Только воспоминания связывали меня с прошлым, но постепенно они размывались, становились нечеткими. Что-то чужое вторгалось в меня, искажая память, делая ее зыбкой и ненастоящей. Кто-то смело смешал осколки воспоминаний, и я теперь не мог разобрать, где мое, а где – настоящего Дитриха.
Вот я иду в школу, первый раз в первый класс, но почему-то вместо пожилой добродушной Марь Иванны вижу сухонького старикашку в лиловом камзоле и пропахшем мышами парике.
– Не выучишь к завтрашнему занятию, поставлю на горох, – угрожает учитель.
Он не обманет, обязательно выполнит обещание, и на моих коленках надолго останутся отметины от сухих горошин.
Первое свидание. Девочка с большими, похожими на бабочку бантиками и глазами цвета ясного и чистого неба, которую я провожаю после школы, любезно разрешает нести ее портфель. Он из розовой кожи, с кармашками для пенала и металлическими бляшками замка. Я горд и доволен собой.

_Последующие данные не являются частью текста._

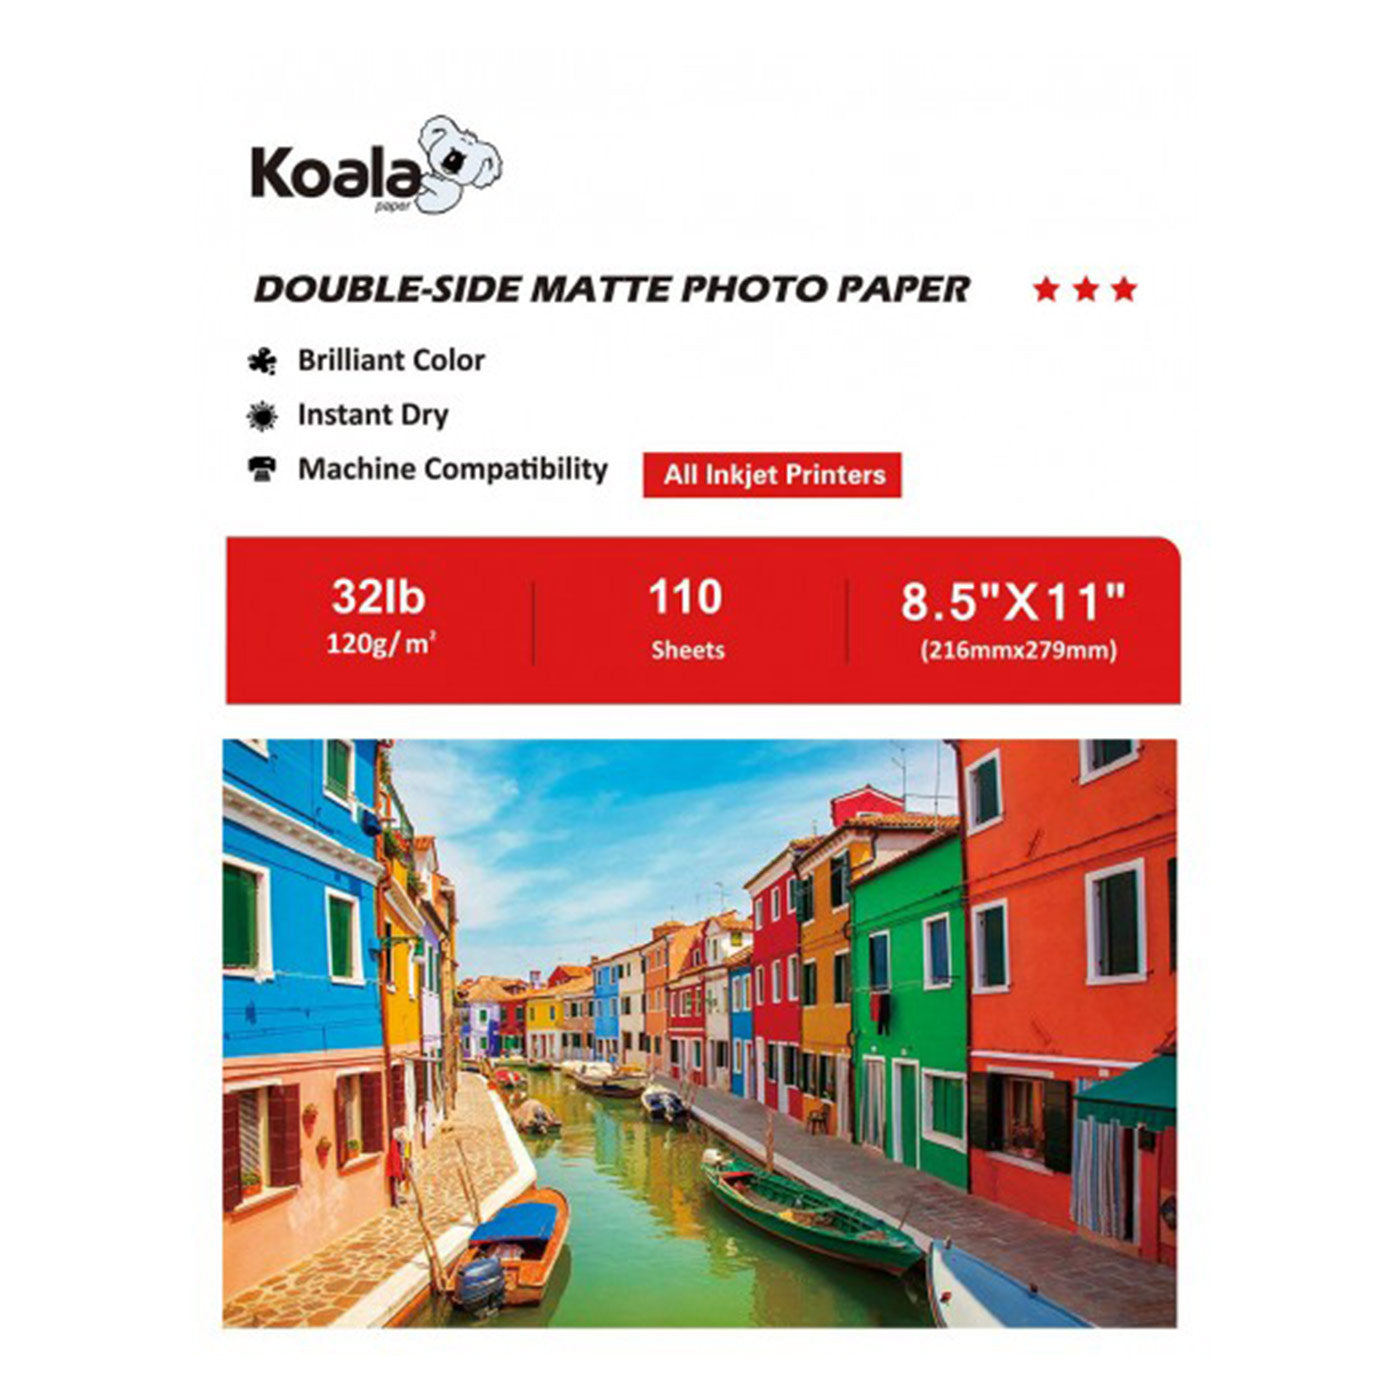 Koala Double Sided Matte Photo Paper 110 Sheets Used For All Inkjet Printers 120gsm

И вдруг – будто вспышка молнии.
Дождь. Тучи, затянувшие всю небесную гладь. Я прячусь под навесом, и капли гулко барабанят по крыше. Рядом смущающаяся белокурая девчушка в сером домотканом платьице и переднике с вышитыми узорами. Ее волосы пахнут сеном, а губы – свежестью. Она готова на все, послушна любому моему… нет, не приказу, слову. Обычному такому слову, в которое не надо вкладывать ни угрозу, ни просьбу. И я знаю и в то же время не знаю, как ее зовут.
Я испугался: неужели пройдет еще немного времени и я все забуду? Душа растворится в чужой, я потеряю себя? Это, пожалуй, хуже, чем смерть.
Внутри эхом отозвался Дитрих. Кажется, он с удовольствием придет мне на смену. Может, это и произойдет в итоге? Душа курляндца одержит верх над моей. Я растворюсь в небытии, уйду на вторую роль или просто не стану существовать. Был такой Игорь Гусаров, и все… Весь вышел. Что в родном двадцать первом веке, что в восемнадцатом. История войдет в обычное русло. Нам надают по усам под Крымом, Елизавета свергнет законного императора, все будет зря…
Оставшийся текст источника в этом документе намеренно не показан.